Why did Chicago Fire hire Clint Mathis, US soccer's original wild card? "Clint sees it a little differently"

Clint Mathis, Chicago Fire staff

Photo Credit: 
Courtesy of the Chicago Fire

It started, as so many Clint Mathis stories do, with a wisecrack.

New Chicago Fire director of soccer operations Frank Yallop was scouring his contacts last November, looking for a final coach to fill out his staff, when one of his hires already in place, technical director Brian Bliss, came across a candidate who was not on the radar.

“[Bliss] was saying that Frank was looking for an attacking-minded guy, and he hadn't really found the fit that he needed,” Mathis told reporters on a conference call this week. “I made a joke, being the jokester that I am and said, 'Well he hasn't talked to me. He hasn't said one word to me.'

"At the time, people didn't know that I was into coaching. Only a few people knew … He said, 'Hey, would you be interested in talking to Frank to see if it would be a good fit?'”

Talks progressed from there, and Mathis was announced as the final piece of Yallop's staff on the last day of January, shortly after the Fire's preseason began.
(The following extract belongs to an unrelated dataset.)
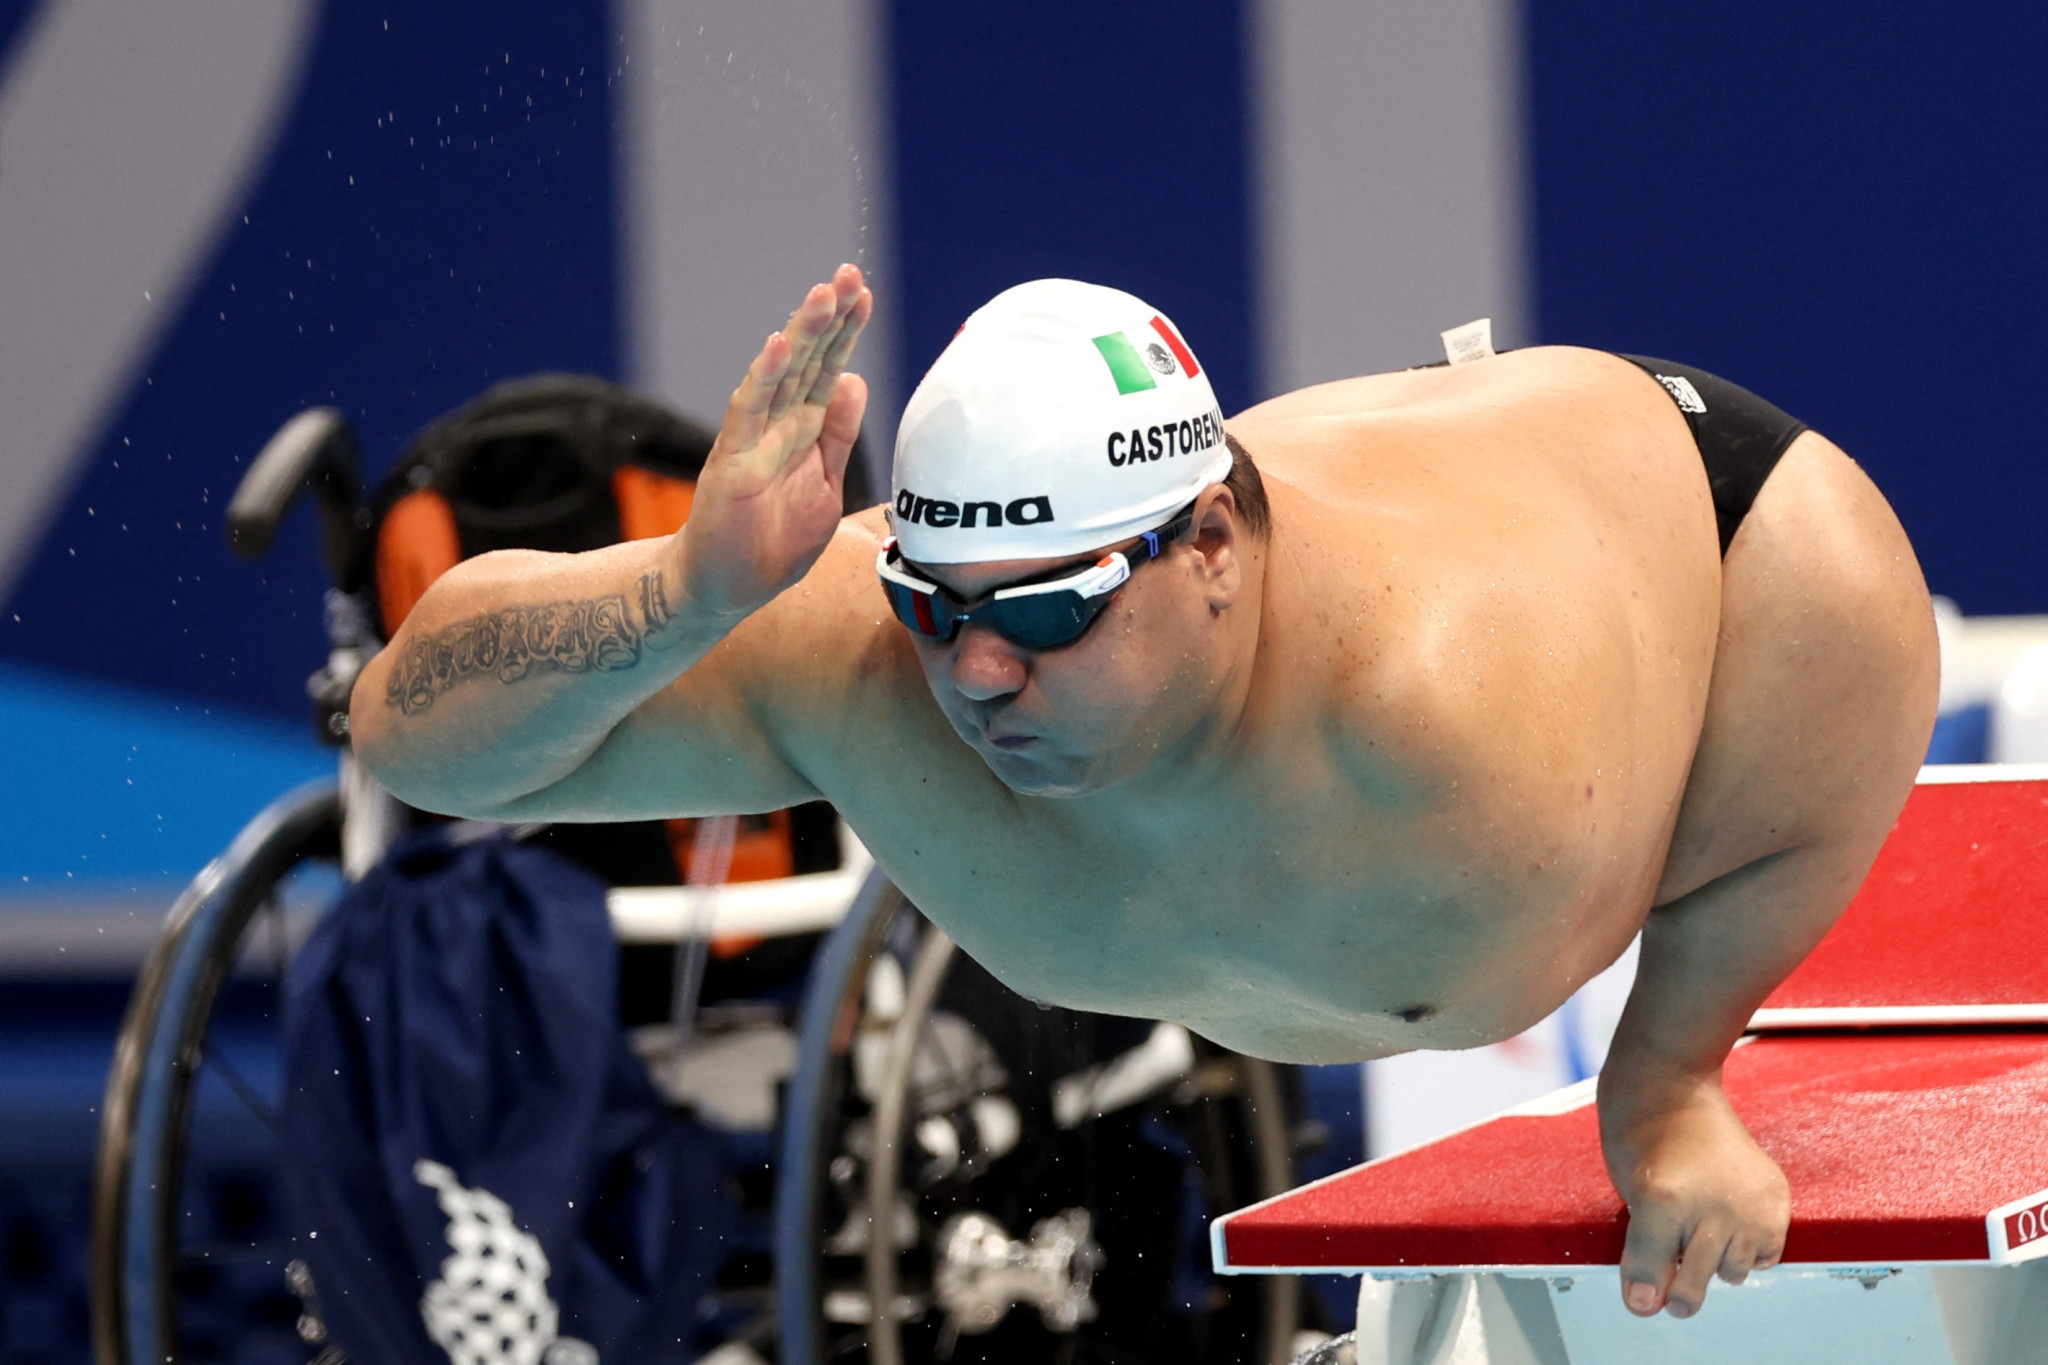 Mexico's Arnulfo Castorena proved too strong in the men's 50m breaststroke SB2 final ©Getty Images
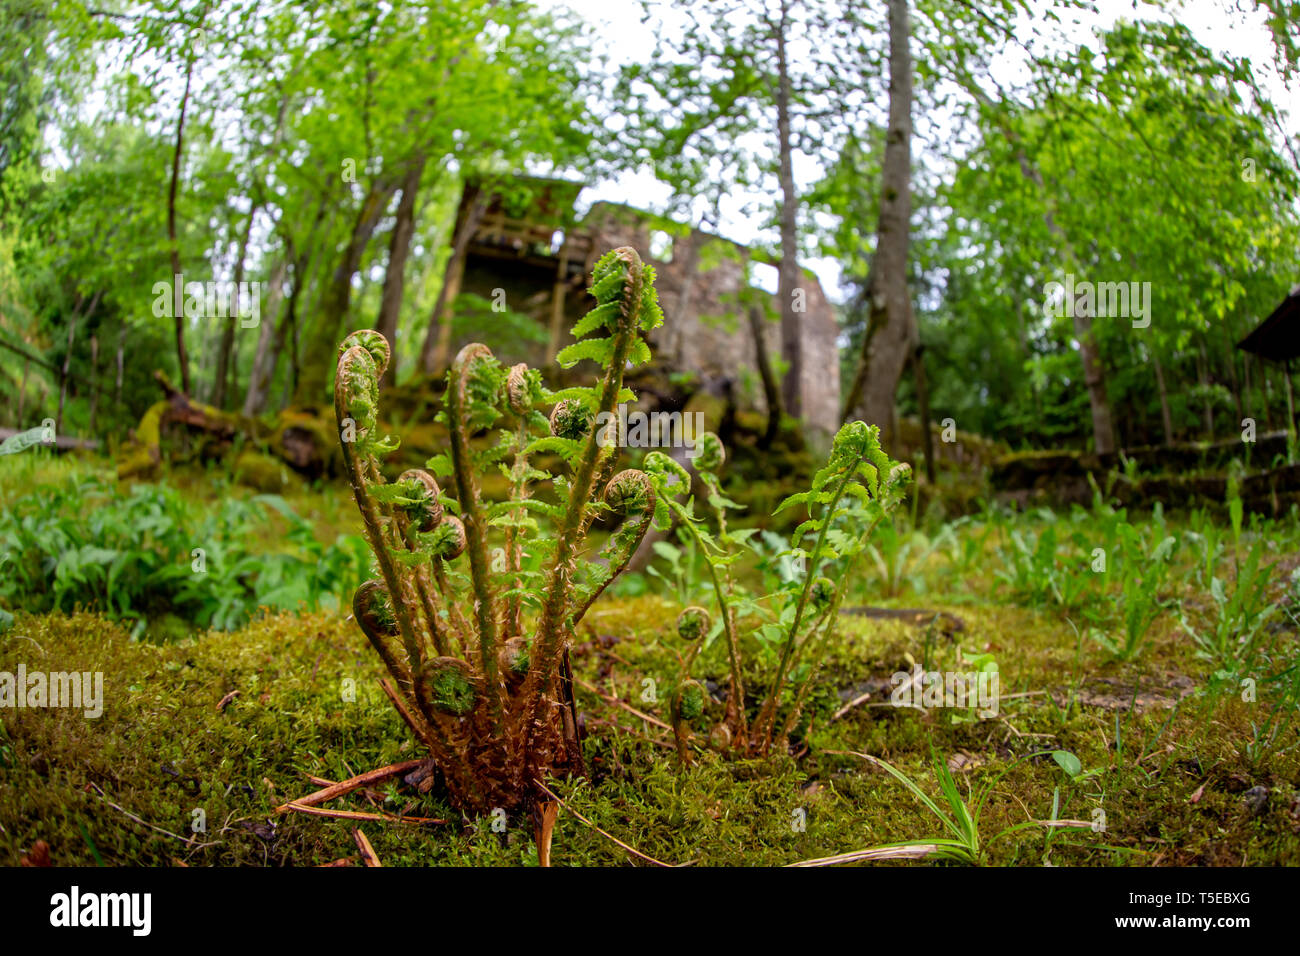 Fern in the foreground and old mill in the background. Beautiful forest park with ferns and ruins of watermill in Latvia. Shot with fisheye lens. Stock Photo

In a way, Mathis — who spent the last year coaching in the youth ranks as a camps and clinic supervisor for the LA Galaxy — is a perfect fit for the already experienced Fire staff because Yallop, Bliss and fellow assistant C.J. Brown were defenders during their playing days. For a team filled with young attacking players, Mathis's offensive acumen is an asset.

“I feel like we have all parts of the field covered with our staff,” midfielder Jeff Larentowicz said. “C.J. in the back and Clint with the forwards. We're at a good point now where we have an idea of what their goods are and what they want, and it's been good getting to know them.”

In his staff, which also includes returning goalkeeping coach Aron Hyde, Yallop has compiled a group with immense MLS experience. Yallop, Bliss, Brown and Mathis all played during the league's early years, with the former two playing in the inaugural season in 1996 and the latter two joining in 1998.

As far as coaching goes, Mathis is the neophyte of the group. Yallop is in his 14th year of coaching and is a two-time MLS Coach of the Year winner, Bliss has been both an assistant coach and technical director in MLS, Brown spent two years coaching under Jason Kreis at Real Salt Lake and Hyde will be in his fifth year with the Fire. But Mathis, a World Cup veteran (pictured at right) legendary for marching to the beat of his own drummer, adds his own expertise and personality to the group.

“Clint sees it a little differently, and he acts a little differently,” Yallop said. “He has a loose personality, and that's great. It's working well; we work well together. We're jelling very nicely as a group.”

On the personality side, Mathis and fellow coaches agree he's similar to the player who scored 61 goals in 201 games – highly intense on the field, but light-hearted off of it.

“I was one of those guys that tried to be the difference-maker,” Mathis said. “I'm an intense guy when it comes down to it. I'm serious, but I like to think I'm a joking guy.

"I'm an assistant coach, but I can still relate to the players. I haven't been out of the game that long, I understand what it's like to be in a situation on the good side, on the bad side, and I understand what it takes to get through that situation.”